Investors holding mutual funds in taxable accounts for the sake of diversity are often - and surprisingly - left holding the bag on unanticipated fees and taxable events that can compromise returns.
While many assume that total fees are roughly 1%, the total may be much higher when lesser-known fees are included. The “average” statement of addition information disclosure costs maybe as high as 1.44%. Cash drag could account for an additional .83% and taxes for non-qualified monies at may be near 1%. Registered investment adviser fees can also average around 1%.
Although investors can’t necessarily remedy or reverse these expenses, they can become more knowledgeable before purchasing a fund. One way is to call the fund owner and ask for the fund’s “Statement of Additional Information,” which is broader than a ubiquitous prospectus. Another resource is a forbes.com article titled, “The Real Cost of Owning a Mutual Fund,” which provides further detail on various expenses, and warns of yet an additional potential expense when a fund is bought through an investment adviser.

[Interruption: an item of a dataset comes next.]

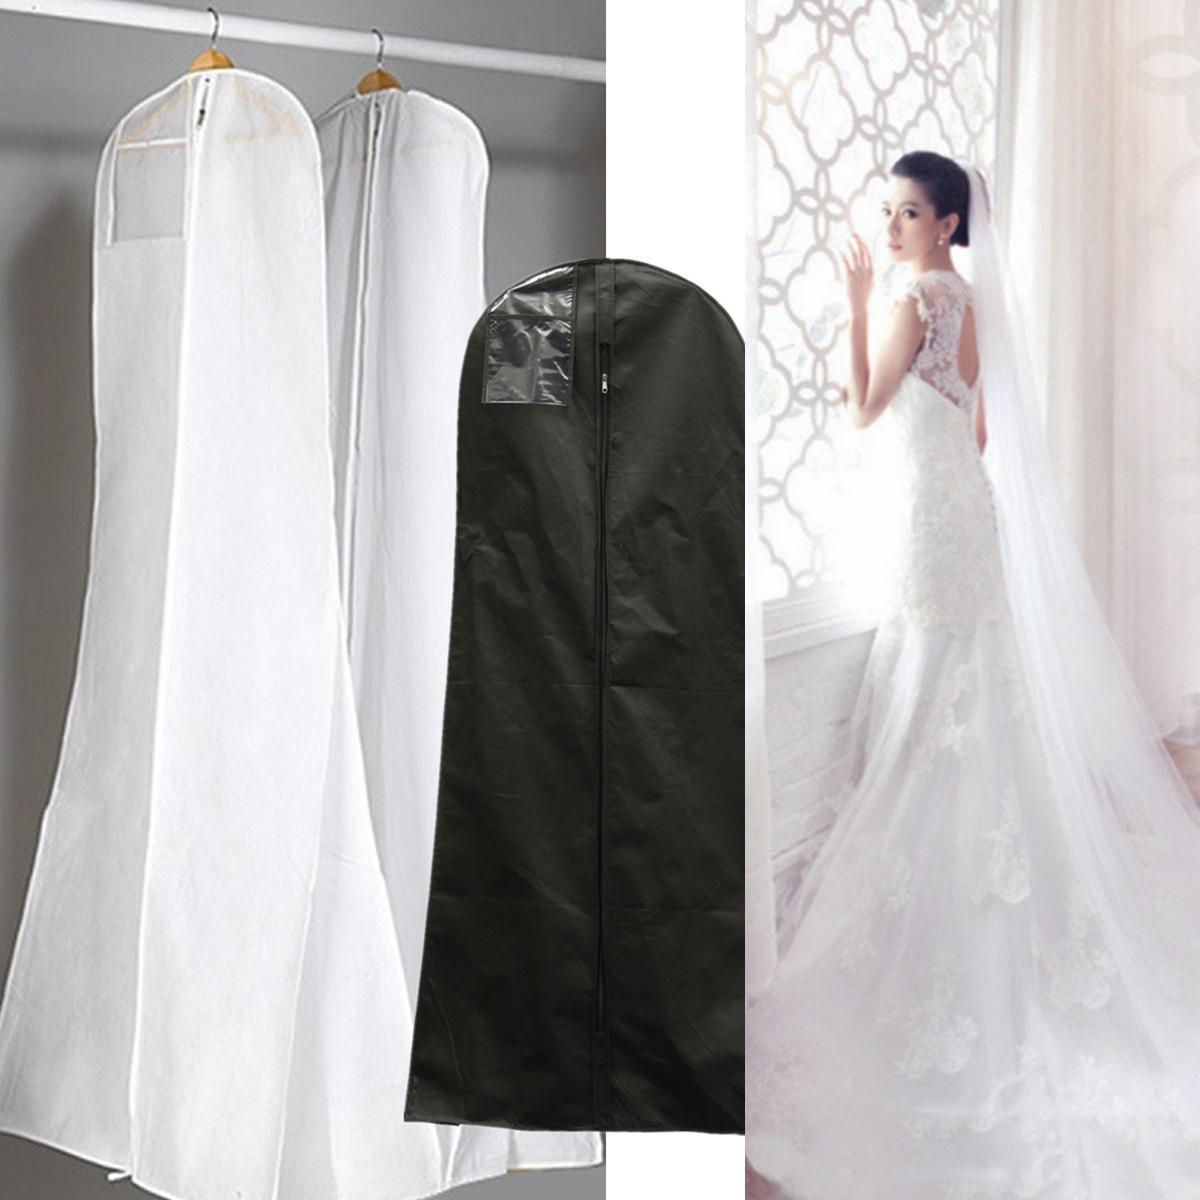 1 8m showerproof garment dress cover long bridal wedding for Storing wedding dress in garment bag

Alternative investment and tax management strategies can alleviate some of the tax burden that can come with owning funds. There also remains a possibility of paying taxes on gains within a fund that experiences a losing year overall. A retirement adviser can provide investment alternatives that can produce tax-free income, but are not exclusive of fees, make no mistake. Similarly, an adviser or tax preparer – with sufficient notice that often begins in late summer or early fall – can identify assets offsetting gains and loses through end of the year tax harvesting.
Despite a full sea of financial mouse print, it behooves investors to seek information from sources besides funds’ representatives to gain a full grasp of mutual fund ownership expenses.